The Stillwater principal says he has not known of an arrangement in Minnesota that has a city buying a school building and leasing it back to the school. He described his own experience in managing a charter school, operating a campus, and producing a stream of revenue sufficient to address major projects like new roofs, as challenging and complex.
He emphasized he did not have firsthand knowledge of matters pertaining to Marine Elementary, and did not want to meddle, but nonetheless would answer questions and has concerns about how a city owning a school would share liabilities should they lease a school property.
A few of Kearney’s questions:
—In the case of a city purchasing a property to lease to a charter school: What would the city council’s interests be?
—Is there potentially a conflict of interest regarding any particular council member’s relationship to a teacher or student of the charter school?
—Did the council consult the broader community before deciding to be property owners incurring all sorts of new liabilities?
—Is the community prepared, for example, to put a new roof on a school, or perhaps install a new boiler and HVAC system?
—What is the condition of the property and what foreseeable or unforeseeable expense could arise from the purchase?
—Who will manage and care for the property?
—What happens if the new charter fails to generate the necessary revenue to pay its lease, or fails to exist after the next few years?

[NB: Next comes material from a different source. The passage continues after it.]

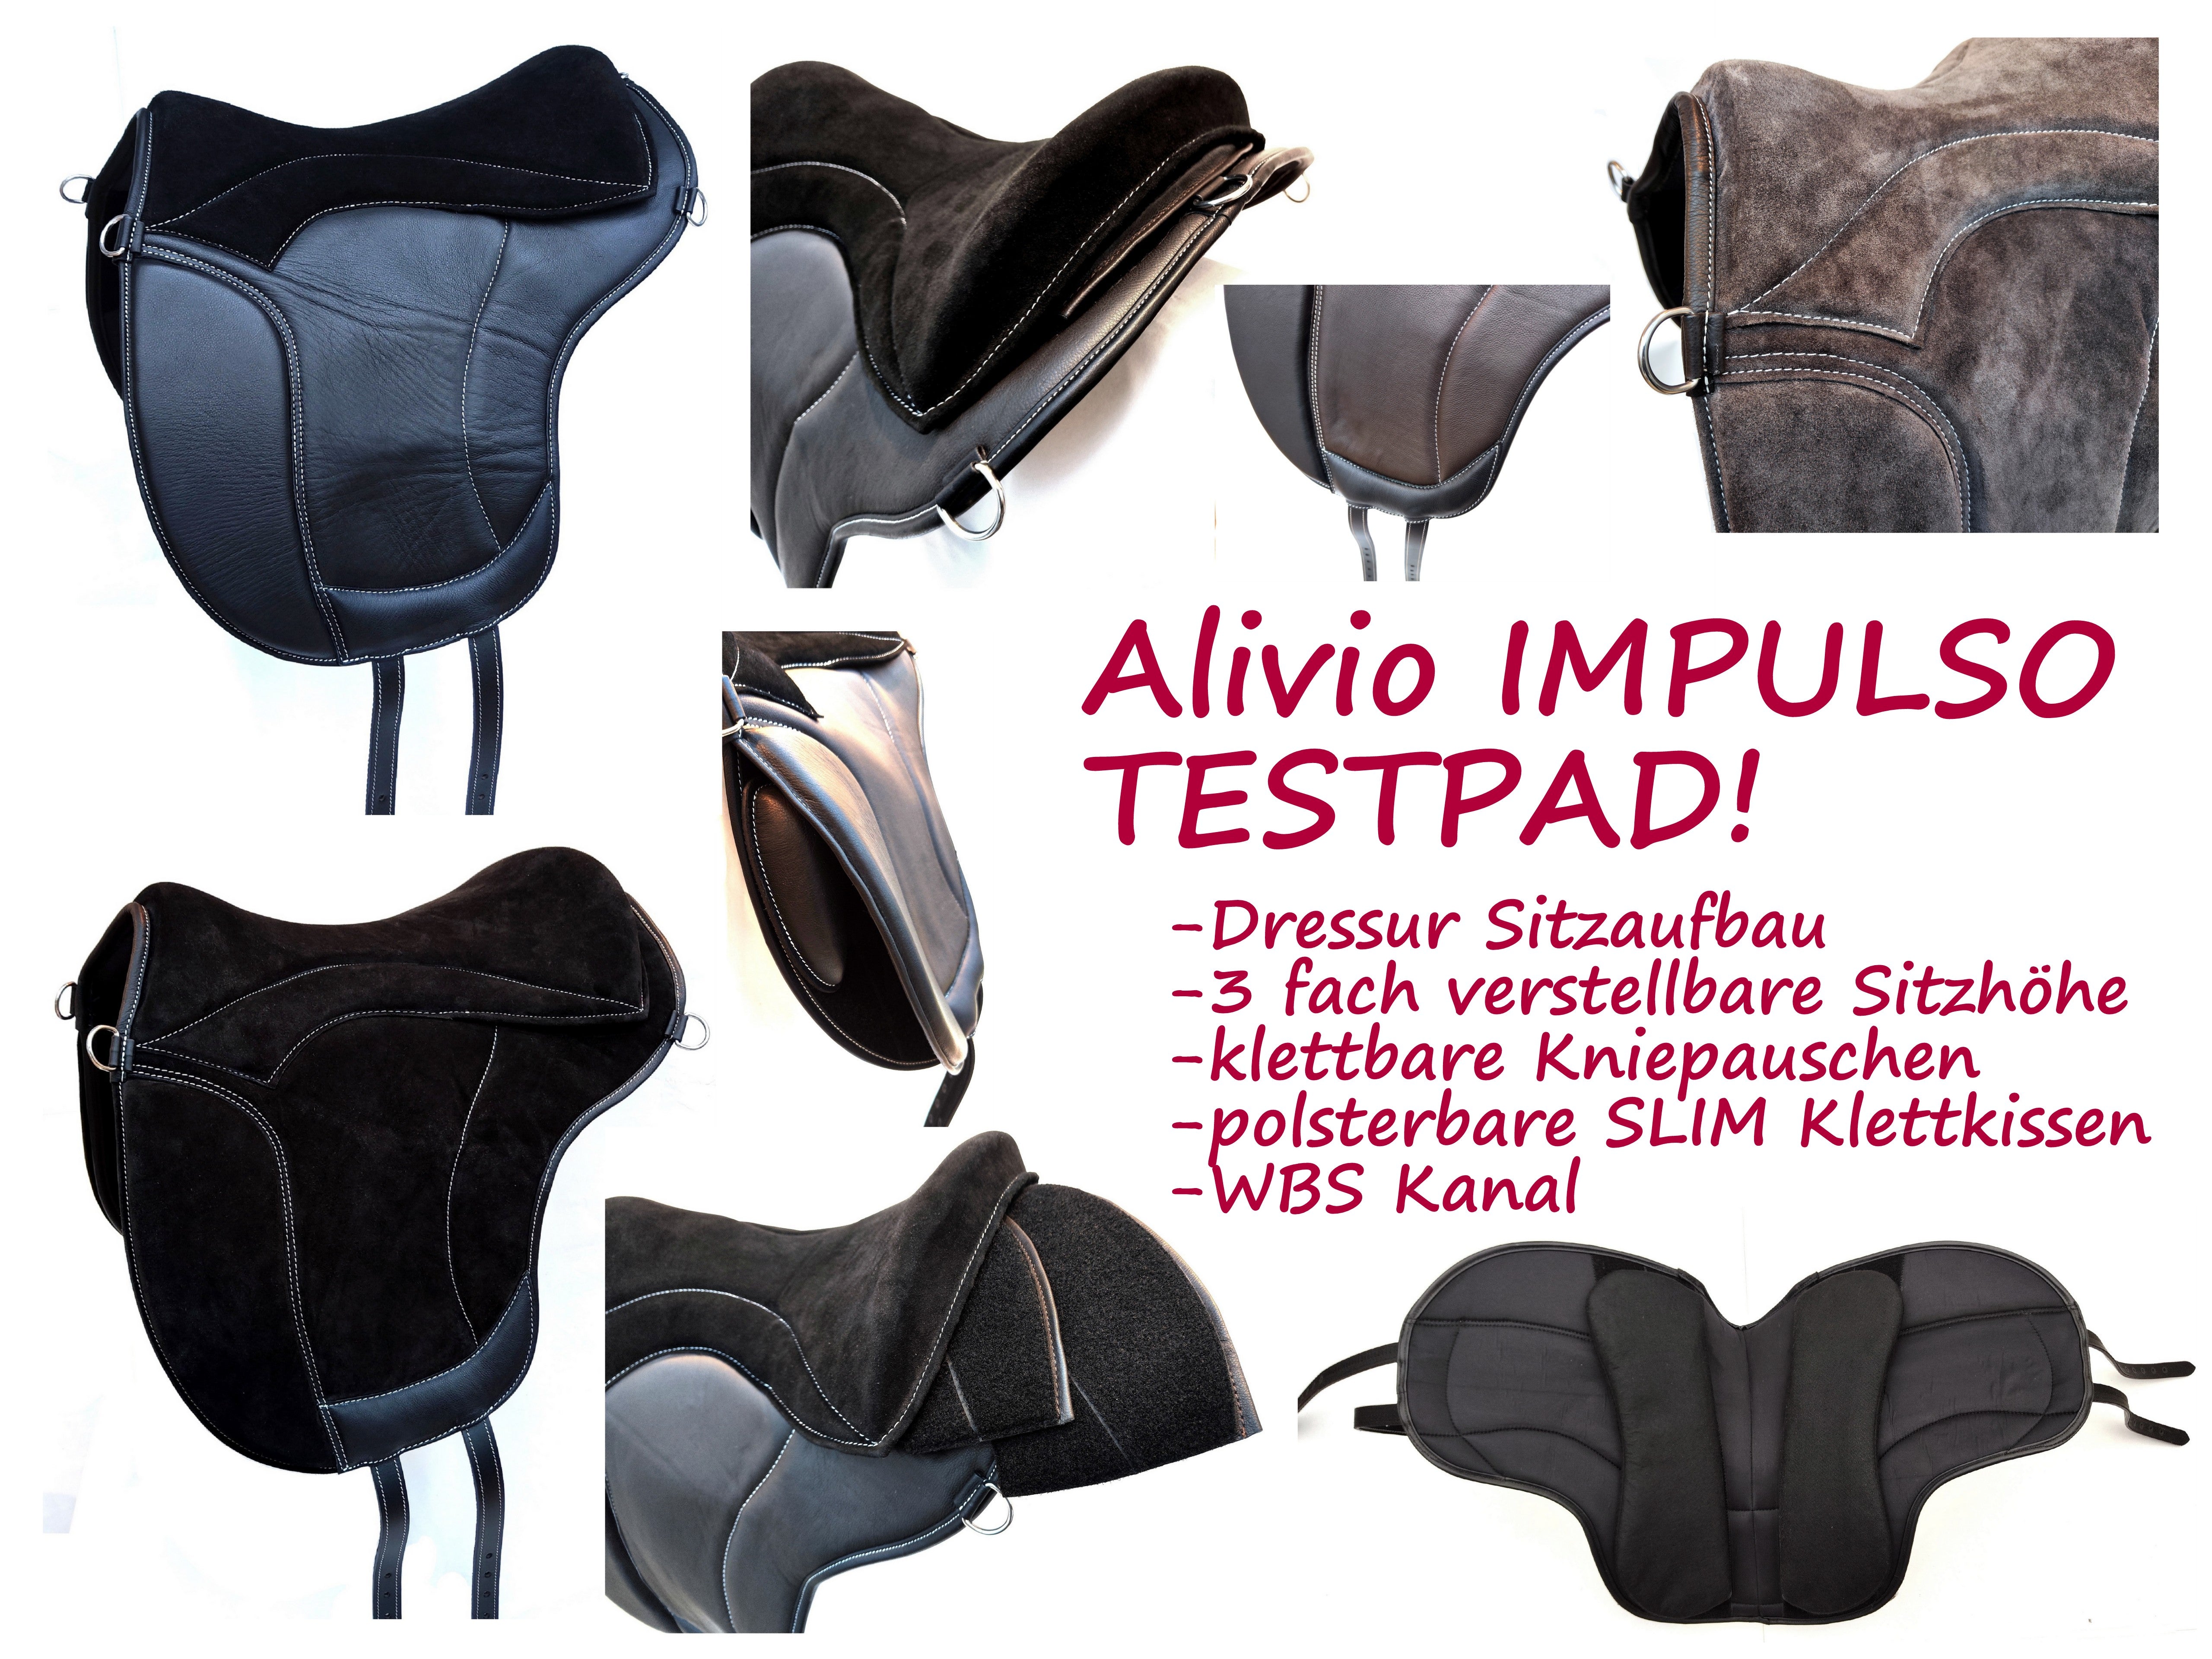 TEST PAD "ALIVIO IMPULSO" dressage riding pad - WBS channel - SLIM felt cushion - knee blocks

Kearney also addressed the idea of a charter school having and maintaining two separate campuses. Higher costs are his chief concern. Including:
—Transportation costs if students are moving between the two facilities within the day
—Insurance liabilities for the buildings and student-based liabilities
—Doubling of costs such as heating and water
—Costs associated with regulatory compliance like fire codes and the Americans with Disabilities Act
Any sale of property is—like the devil—in the details, and a simplification like ‘all should know who pays for what’ doesn’t cover bets, so to speak. Nor does ‘the unforeseen can soon get mean.’ But as business proverbs go, they’re a place to start.